Ibarat laut yang mampu menampung segala macam kotoran yang datang dari luar, kemudian menyerapnya, lalu memurnikannya kembali. Begitu juga halnya dengan watak budaya Nusantara sebagai budaya maritim, mampu menerima dan membersihkan sampah peradaban yang datang dari luar. Masuknya semua unsur luar tidak merubah jati diri bangsa kita sebagai bangsa yang punya kepribadian dan kekhasan yang tidak dimiliki bangsa lain.

Ciri khas yang dimiliki bangsa ini mengagumkan bangsa-bangsa lain. Robert Hefner, John L Esposito, William Liddle, dan MB Hooker menyimpulkan, keberadaan Islam di Indonesia sangat spesifik. Di mana ekspresinya secara intelektual, cultural, sosial, dan politik, berbeda dengan ekspresi Islam yang berada di belahan dunia lain.

Islam Indonesia adalah Islam yang akamodatif dengan budaya. Sehingga menjadi muslim tidak harus menjadi orang Arab. Kita bisa menjadi muslim tanpa harus menghilangkan budaya yang sudah ada. Relasi keduanya saling mengisi dan menerima. Gagasan ini disebut oleh Gus Dur (Abdurrahman Wahid) sebagai pribumisasi Islam.

Berdasarkan pertimbangan di atas, saya memandang wayang bukan sekedar barang sejarah yang memiliki nilai unik dan antik. Tapi dia memiliki peran fungsional sebagai media dakwah dalam mengislamkan Nusantara. Saya baru mengerti kalau setiap lakon wayang yang ditampilkan menyimpan makna simbolik, yang bila digali mengeluarkan teladan dan nasehat bagi laku hidup manusia di alam mayapada ini.

Wayang adalah bayangan kehidupan, mewakili kehidupan nyata dari laku hidup manusia. Sebagai bayangan kehidupan, wayang sarat akan tuntunan makna kehidupan. Wayang bukan sekedar pertunjukan seni untuk hiburan, namun juga mengandung tuntunan hidup yang sangat bermakna dalam kehidupan sehari-hari. Lakon wayang pada hakikatnya adalah laku kehidupan. Dalam pentas pewayangan, kita dapat mengamati segala laku hidup manusia dengan segala pernak-perniknya.

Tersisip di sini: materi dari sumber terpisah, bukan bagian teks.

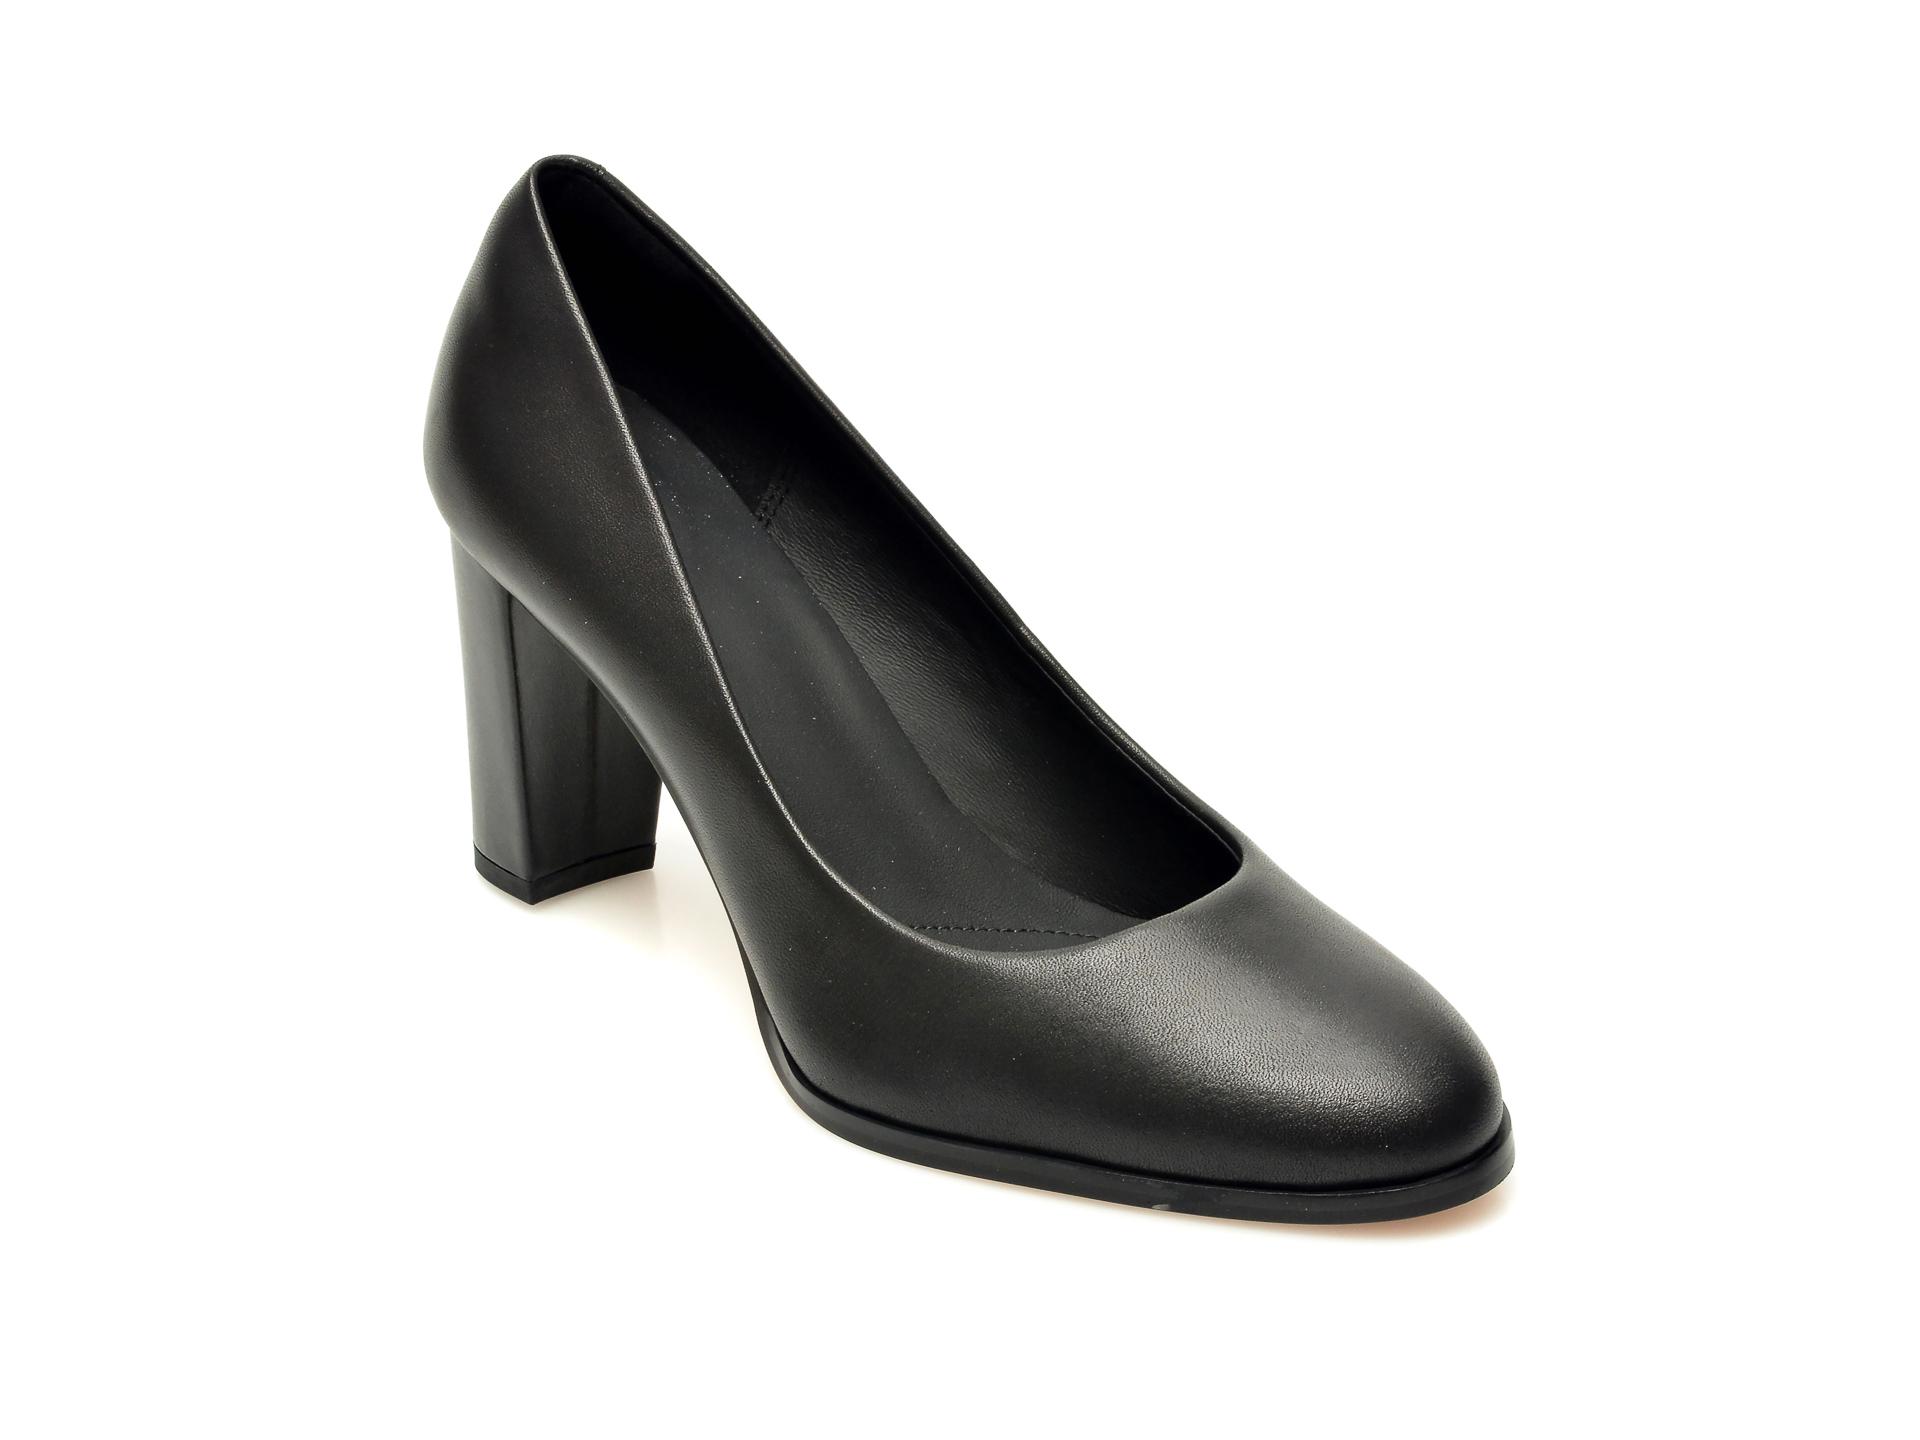 Pantofi CLARKS negri, SHEER ROSE, din piele naturala

Dunia wayang menyuguhkan cerita yang menampilkan manusia dengan berbagai macam watak dan karakternya. Karakter positif seperti santun, pemberani, pahlawan, maupun karakter negatif seperti sombong, angkuh, sewenang-wenang, pengecut, sampai dengan sikap beda ucapan dan tindakan, semua ada dalam karakter wayang.